AMD also attempted to dispel the commonly held belief that Arm systems are more energy-efficient by nature, showing as much as a 2.75x lead in performance per watt in some tests – Click to enlarge
None of this should come as a surprise to anyone who's been following Grace's development – though the situation isn't as simple as AMD would have you believe.
As our sibling site The Next Platform reported back in February, researchers at Stoney Brook and Buffalo Universities compared performance data from Nvidia's Grace CPU Superchip and several x86 processors gathered from multiple scientific research institutes and one cloud builder.
Naturally, most of these tests were HPC-centric, including Linpack, High Performance Conjugate Gradient (HPCG), OpenFOAM, and Gromacs. While the Grace system's performance varied wildly between tests, at worst it fell somewhere between Intel's Skylake architecture (circa 2015) and its Ice Lake (2019) tech, bested AMD's Milan (from 2021) and came within spitting distance of a Xeon Max launched in early 2023.

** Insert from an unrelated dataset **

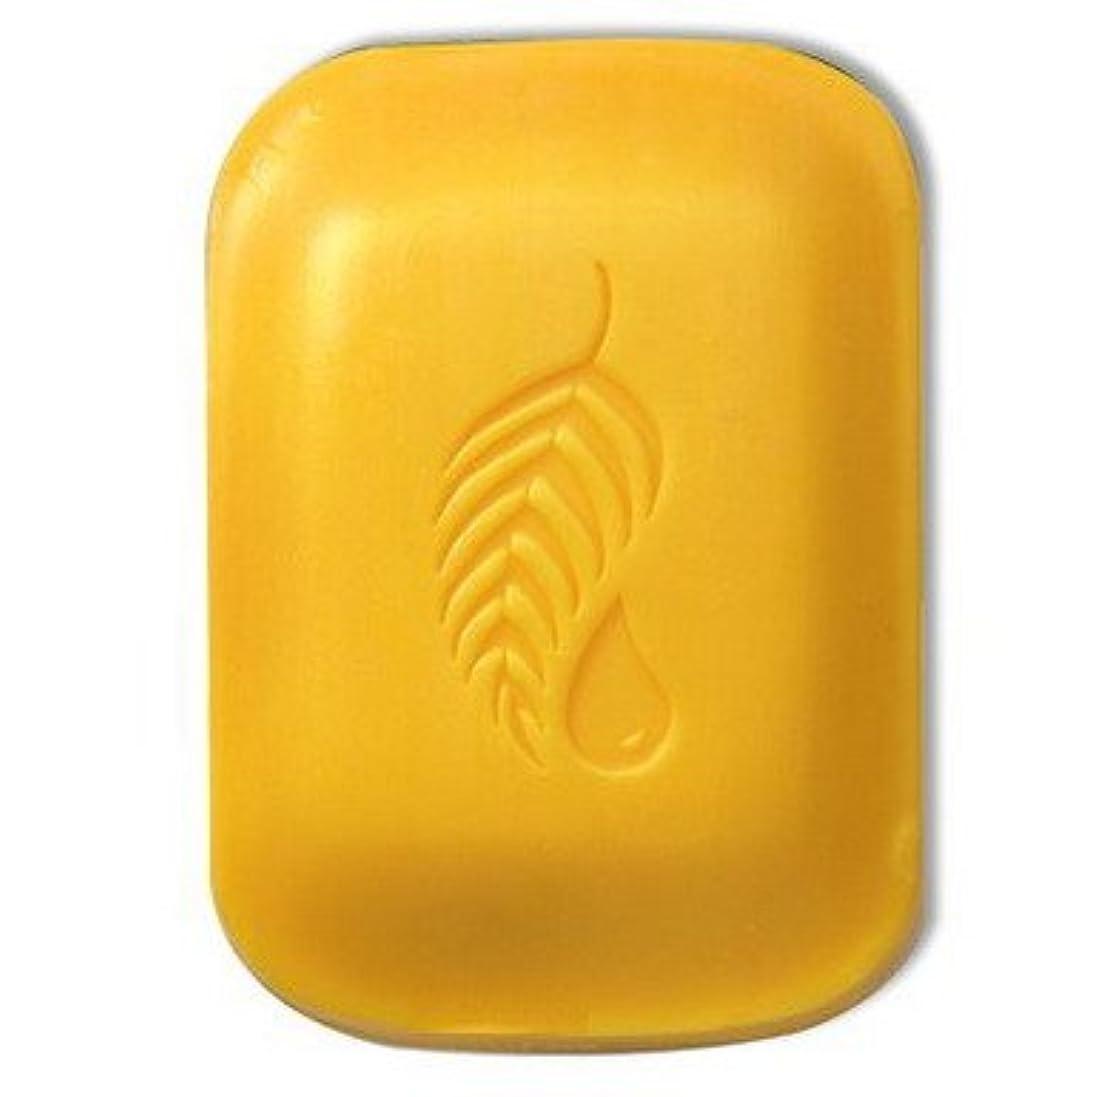 子供時代干渉混乱【Melaleuca(メラルーカ)】ゴールド バー トライアルサイズ42.5g [並行輸入品]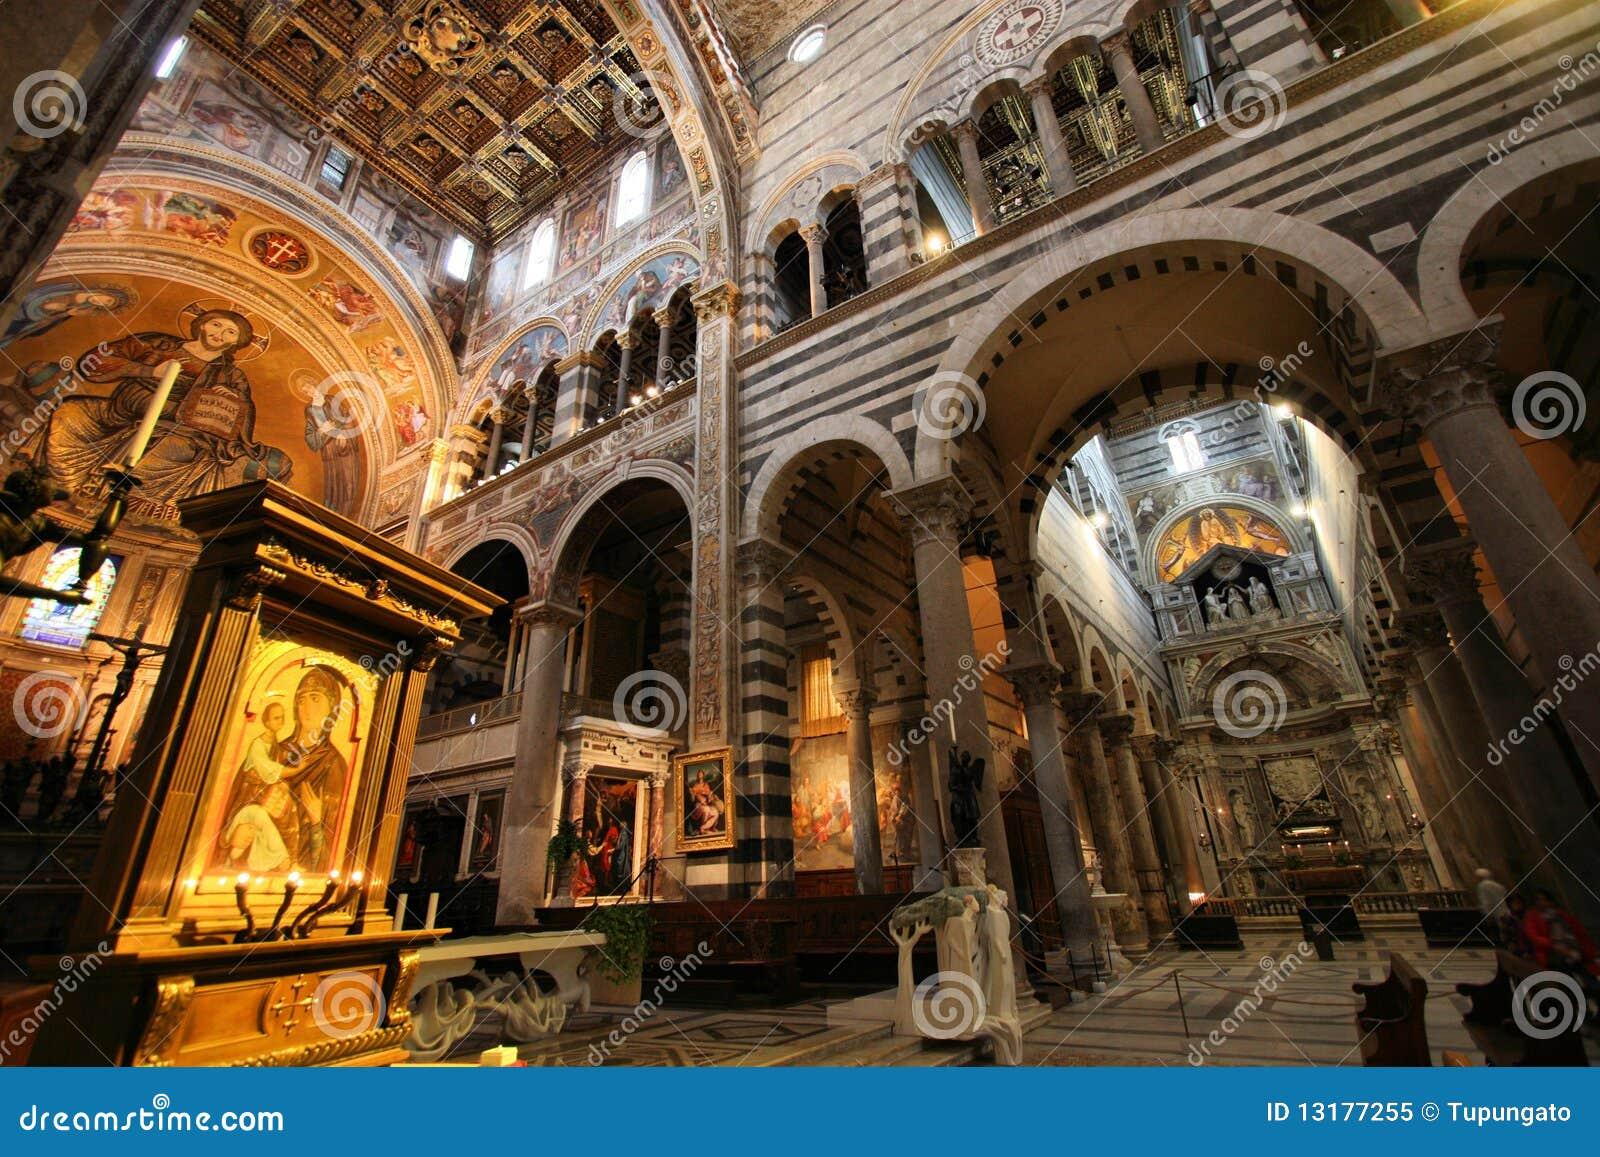 Cathédrale de Pise

The findings suggest that AMD's most powerful Genoa and Bergamo Epyc processors might beat out Nvidia's first datacenter CPU – on the right benchmark.
But as we alluded to earlier, all of this is workload dependent. In its Grace CPU Superchip datasheet, Nvidia shows the silicon achieving anywhere from 90 percent to 2.4x the performance of a dual 96-core Epyc 9654s – that's the same Genoa Epyc used in AMD's tests – and up to three times the throughput in a variety of cloud and HPC services.
What's this really about?
While a good old CPU shootout might make sense – Grace and Epyc are, at the end of the day, both datacenter CPU platforms – we haven't really seen Nvidia's Grace CPU Superchips deployed widely outside of HPC applications, and usually in preparation for larger scale deployments of the next-generation GH200 silicon. The UK's Isambard-3 and Isambard-AI supercomputers are fine examples of that strategy in action.
Nvidia itself bills the CPU Superchip as one that's designed to "process mountains of data to produce intelligence with maximum energy efficiency," and specifically cites AI, data analytics, hyperscale cloud applications, and HPC applications.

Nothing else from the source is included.